Mikhail Bulgakov

What you Should Read before 30

We tried to choose such books that are not subject to time, are recognized and loved by more than one generation of experts and readers, raise vital issues that shape the personality, and raise the spiritual level of a person. I think these are exactly the books that everyone should read. You’ve probably read many of these books, and you’ll probably want to read some of them again. As you know, works of genius are fraught with an incredible amount of subtexts. Not everyone can grasp and understand them, and then only after we acquire the necessary life experience. Try to read familiar classics again – and you will be surprised at discoveries. Here is the list of books to read before 30.

Mikhail Bulgakov: The Master and Margarita

The volume of Mikhail Bulgakov, standing on the bookshelf, testifies to the good taste of the reader. It is no coincidence that what this author wrote without loss survived the death of Soviet literature and today is read as a continuation of the golden fund of Russian classics of the 19th century. Fascinating plots (“fantasy rooted in everyday life”), vivid images, moral problems raised to a universal scale – all this makes us return to what we read again and again.
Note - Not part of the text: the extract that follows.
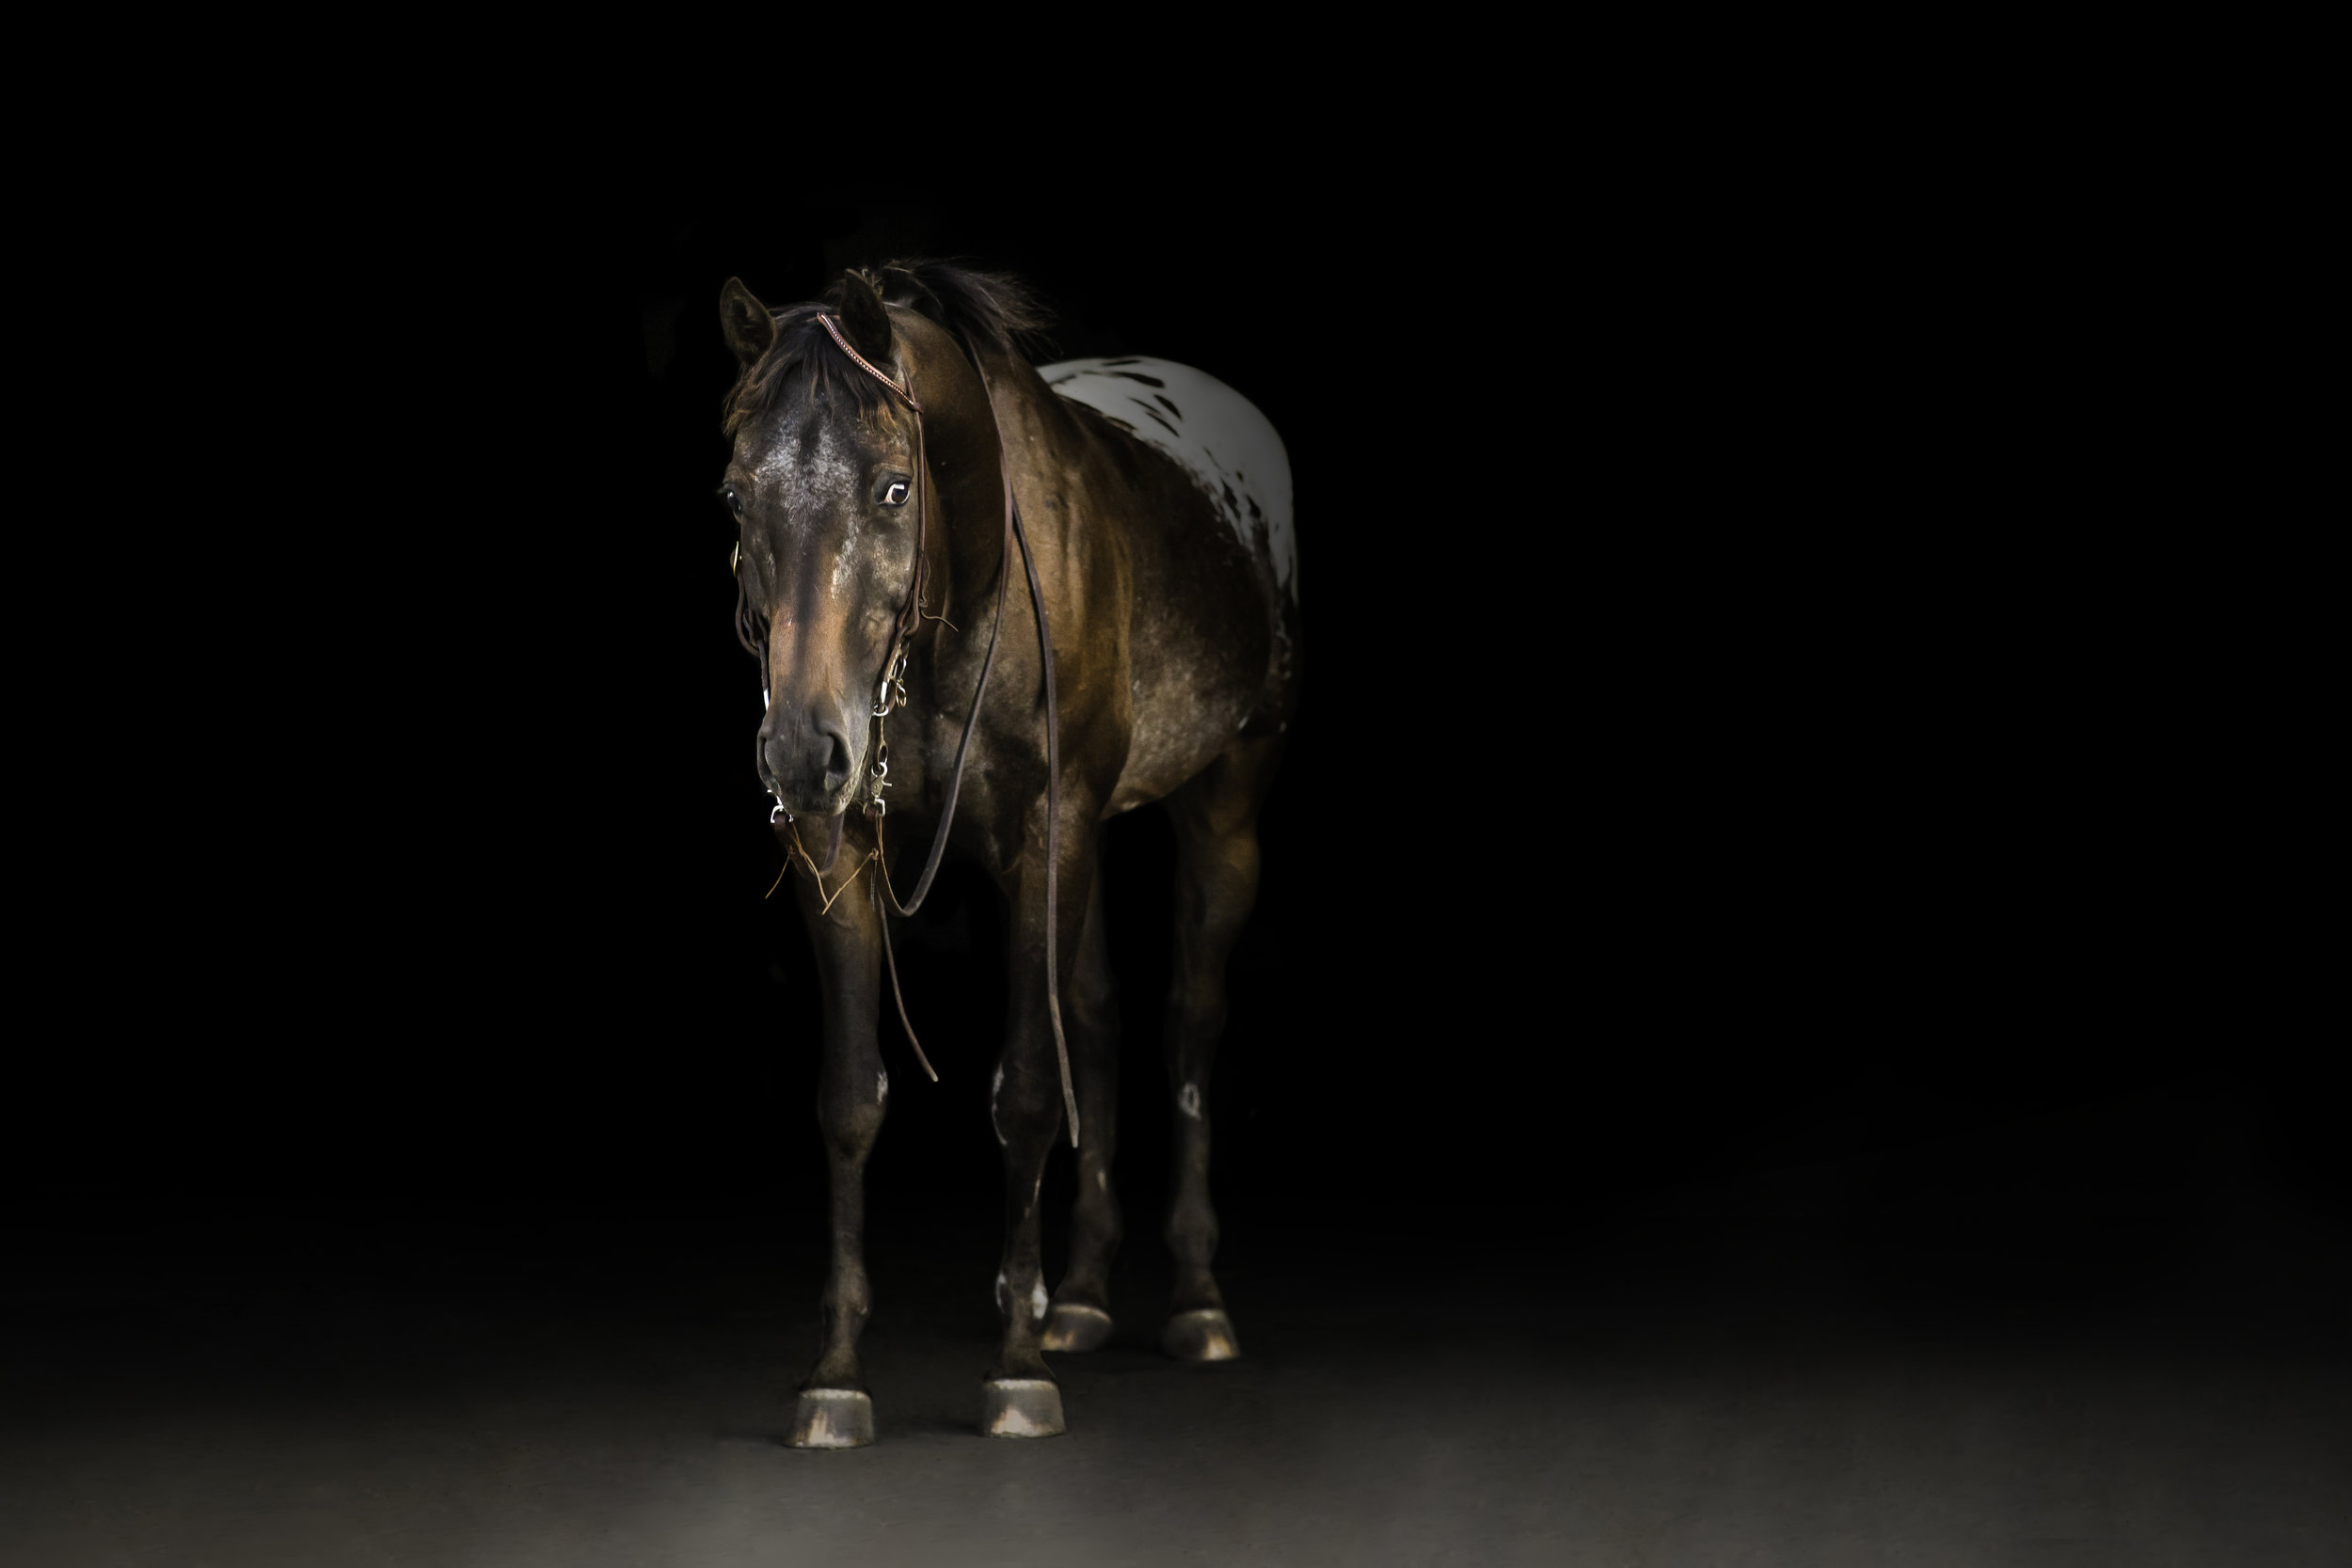 Black Background Horse Wisconsin

Marquez Garcia: One Hundred Years of Solitude

One of the greatest books of the twentieth century. A strange, poetic, bizarre story of the city of Macondo, lost in the jungle – from creation to decline. The story of the Buendía family – a family in which miracles are so every day that they are not even paid attention to. The Buendía clan breeds saints and sinners, revolutionaries, heroes and traitors, dashing adventurers – and women too beautiful for ordinary life.

Herman Melville: Moby Dick, or White Whale

Herman Melville is a writer and sailor, in whose work and destiny the experience of the traveler and the mythopoetic worldview of the artist is surprisingly organically fused. The realization of the magnitude of Melville’s talent did not come immediately, and only a quarter of a century after the death of the writer began to see the outlines of the enormous contribution that he made to the treasury of world literature.

Francis Fitzgerald: The Great Gatsby

The Great Gatsby is the most famous novel by Francis Fitzgerald, which became the symbol of the “jazz age”. America, 1925, the time of:

  • “dry law”;
  • gangster squabbles;
  • bright lights;
  • vibrant life.

But for Jay Gatsby, the embodiment of the American Dream turned into a real tragedy. And the way up, despite the fame and wealth, led to a total collapse.

Ray Bradbury: Dandelion Wine

“Dandelion Wine” by Ray Bradbury is a classic that entered the golden fund of world literature. Enter the bright world of a twelve-year-old boy and live with him one summer filled with joyful and sad, mysterious and disturbing events; summer, when amazing discoveries are made every day, the main of which is that you are alive, you breathe, you feel!

Margaret Mitchell: Gone With The Wind

Gone with the Wind is the only novel by Margaret Mitchell (1900-1949) for which she – a writer, emancipator, and advocate for women’s rights – won the Pulitzer Prize. This is a book about what makes us live and fight – whatever is happening around us. For over 70 years we have been reading this novel, for over 70 years we have admired Vivien Leigh and Clark Gable in the film adaptation – and the story never gets old. Most likely, it is eternal.